I am usually on the happy side with very little. I've been observing people with different approaches to life and it seems like the ones that are mostly happy have different sort of philosophy behind their lives than the ones who are a bit on the negative side.

First of all, it seems that all authoritarian people are slightly unhappy. I find this quite logical, since in the authoritarian game it is very easy to say who is the loser, but not so easy to say that someone is a winner. You know, even the ones on the very top of the game are so stressed out by the possibility they might fall. Basically it is a constant uphill battle. No happy people there.

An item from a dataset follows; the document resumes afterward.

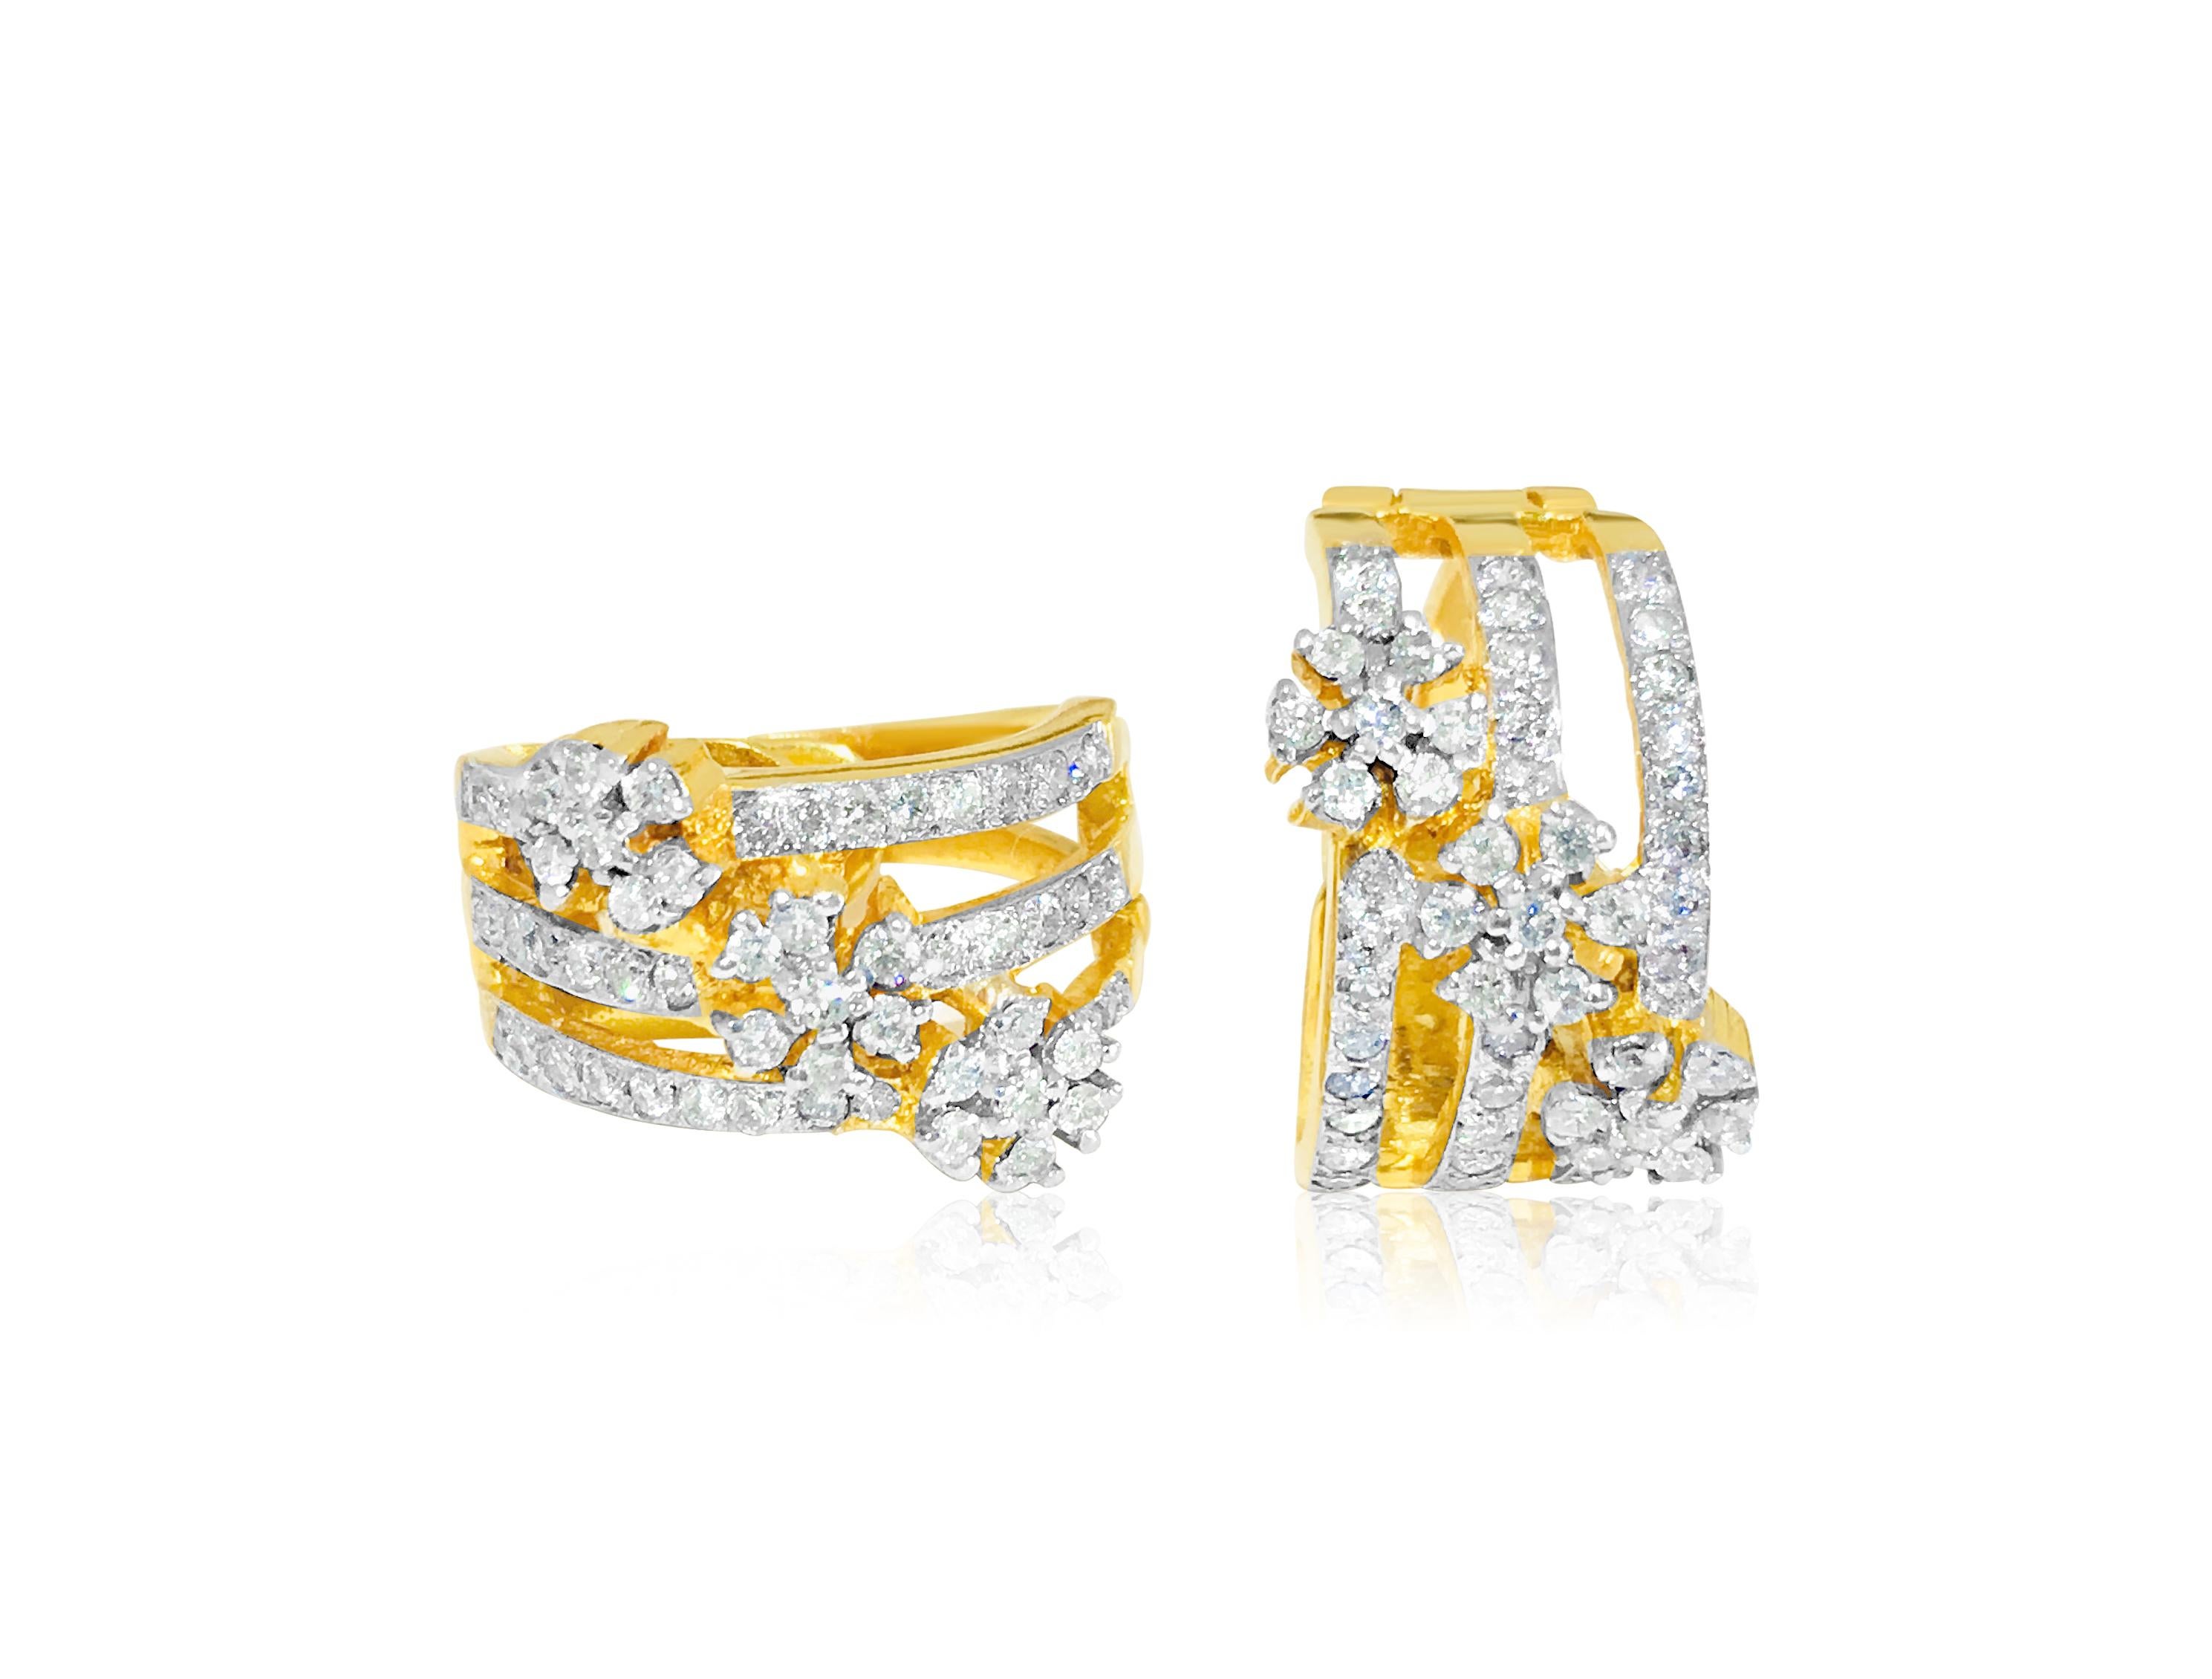 Contemporary 1.35 Carat Diamonds in 14k Yellow Gold Earrings. For Sale

Ok, then another huge group of people, the science people. If someone follows the scientific thought long enough they will see themselves as a tiny particle inside a huge universe. Other than that, they don't have any control of anything, it is all just a chain reaction. Unfortunately these news seem to be taken negatively. It could be said like "Look at this: We are part of a huge explosion, circling around a spark called sun with a speck of dust called earth! Isn't that awesome!!" I think there is something in the culture that makes us interpret science negatively.

Then there are all kinds of people with some psychological blocks that result in focusing life on only one or two aspects (either running for them, or away from them) , and this seems to lead to unhappiness as well.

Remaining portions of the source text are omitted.